If, like me, you find your refrigerator more likely to stock whole grapefruit or grapefruit juice and club soda these days — and you don’t want to make a special trip out to pick up grapefruit soda — just use the juice and club soda, plus some simple syrup if you’re using fresh-squeezed juice instead of bottled. The point of the Paloma, this summer at least, is to stop overthinking for a while — and live in the moment as best you can.  

Ingredients:

Serving size: one beverage

  • 2 oz. reposado tequila
  • 1/2 oz. lime juice (fresh squeezed is best; most limes yield about 1 oz. of juice)
  • 4 oz. grapefruit soda (such as Squirt, Jarritos or Crush Grapefruit)*
  • Salt or Tajín seasoning for the rim (optional)
  • Grapefruit or lime wheel for garnish (optional)

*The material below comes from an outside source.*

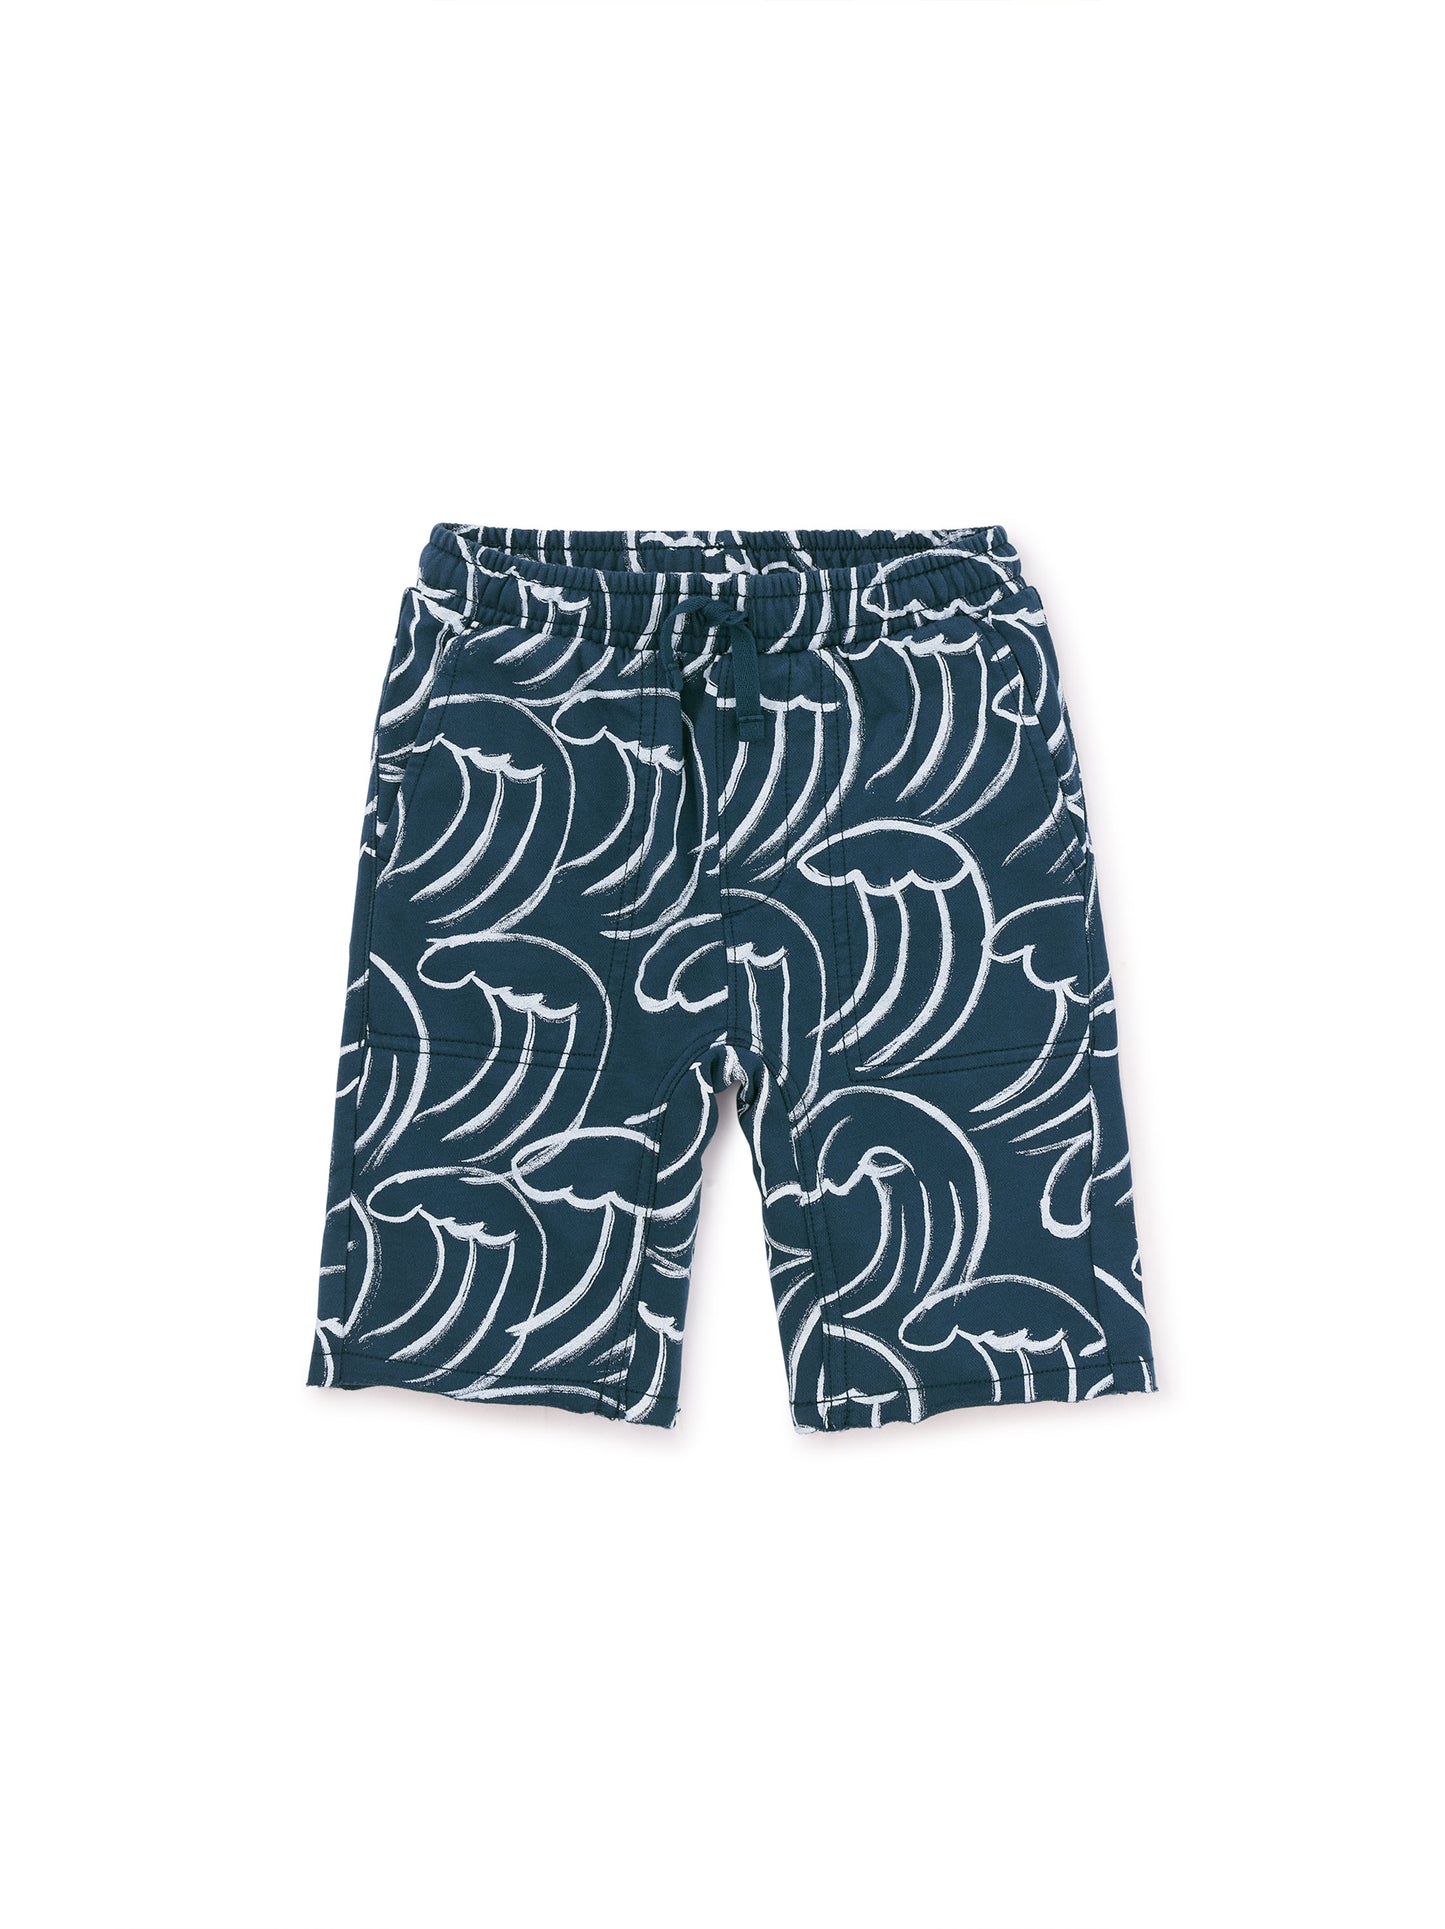 Tea Kanagawa Waves | Printed Gym Shorts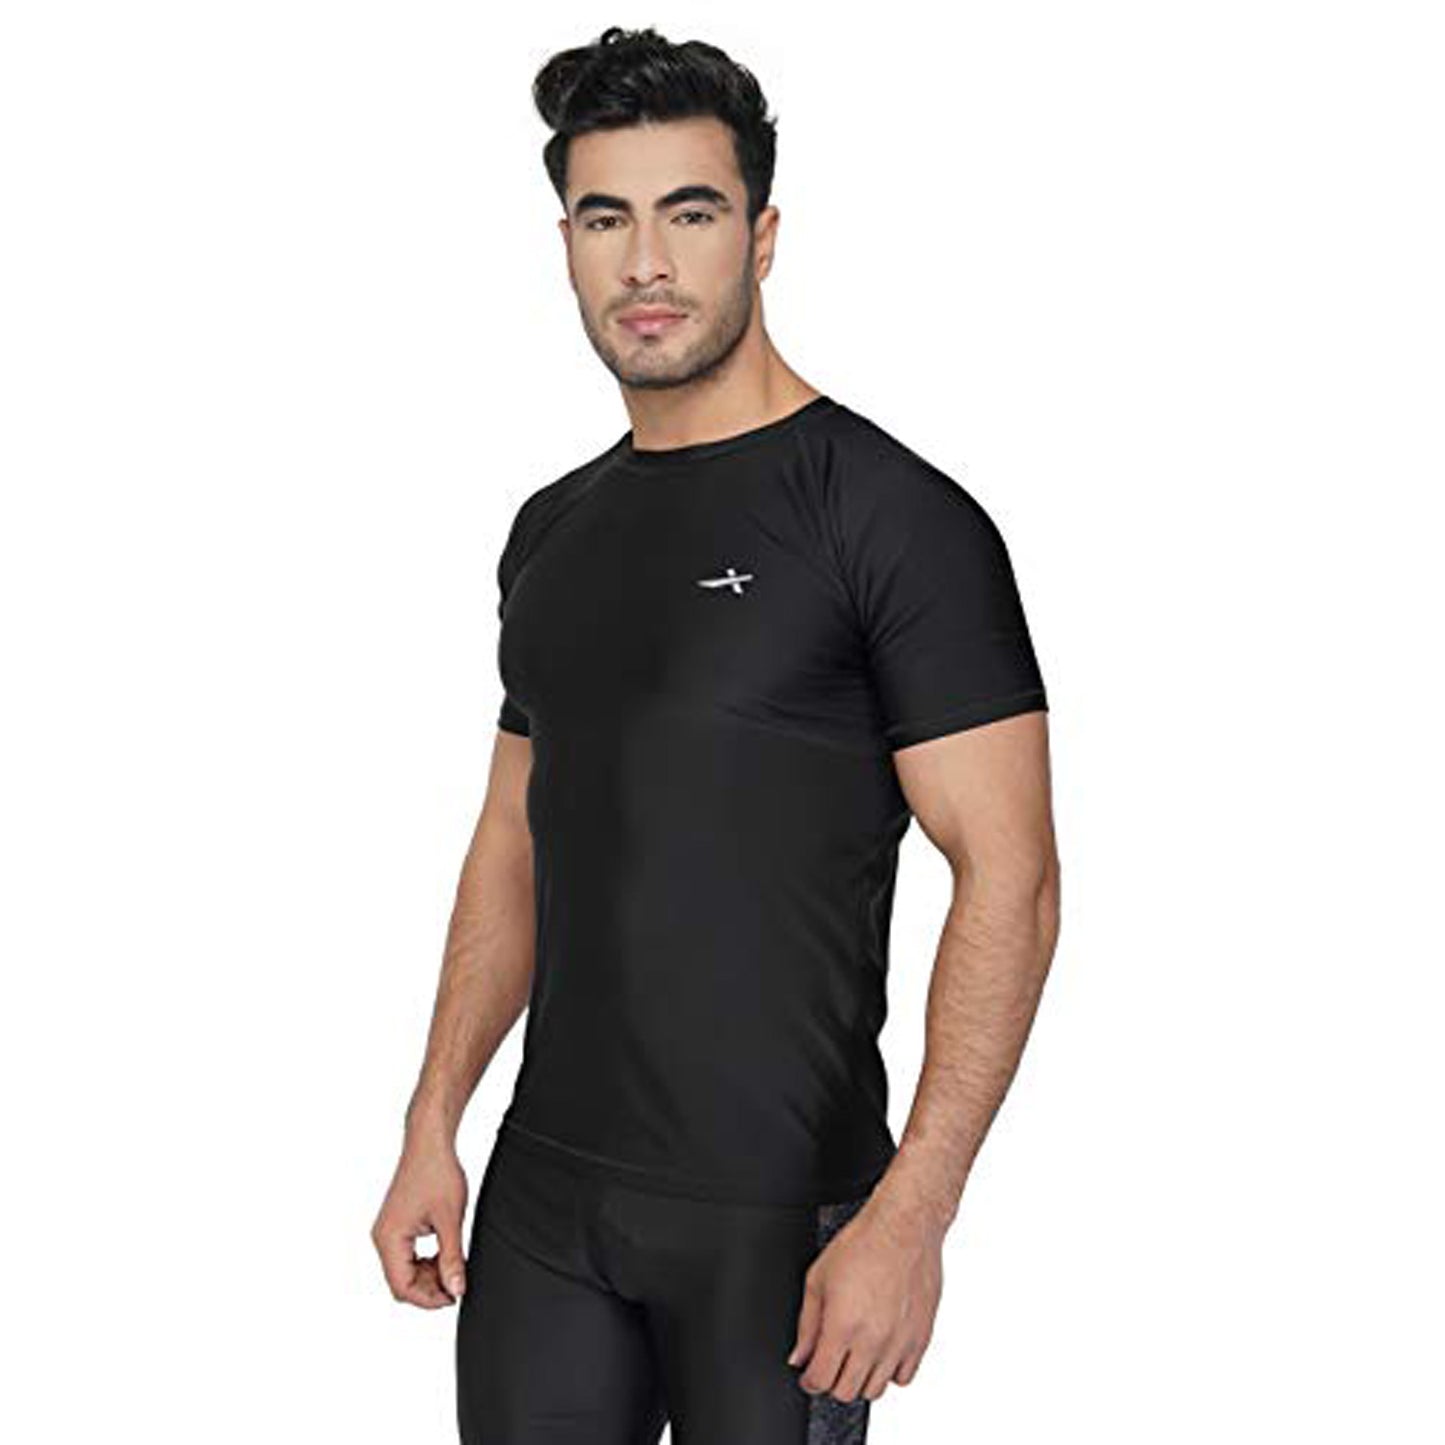 Vector X VTD-021 Men's Skin Fit T-Shirt , Black - Best Price online Prokicksports.com

*You can also break down the components to 2 oz. fresh grapefruit juice, 1/2 oz. simple syrup and sparkling water, with or without grapefruit flavor.

Gear:

You don’t need any specialty equipment to mix a simple cocktail. Improvise with what you have — a Mason jar with a lid makes a fine shaker in a pinch. But here’s what I keep at hand:

Instructions:

Add a salt or Taijín rim to your glass, if you’re feeling fancy. Add tequila and lime juice — and grapefruit juice and simple syrup, if you’re going that route — to a shaker with ice, then shake vigorously for 30 seconds, then strain over ice and top with soda. 

Variations:

If you’re more of a mezcal fan, swap out the tequila for a smokier version. Add 1/2 oz. each of orange and lemon juices to your basic Paloma, and you’ve got a Cantarito. Herbs that pair well with grapefruit can be infused in simple syrups to add an extra dimension of sophistication. Also, I recently had a divine variation at Cleveland’s venerable Prosperity Social Club that added a touch of pomegranate liqueur to the base and subbed in a grapefruit Hefeweizen for the soda.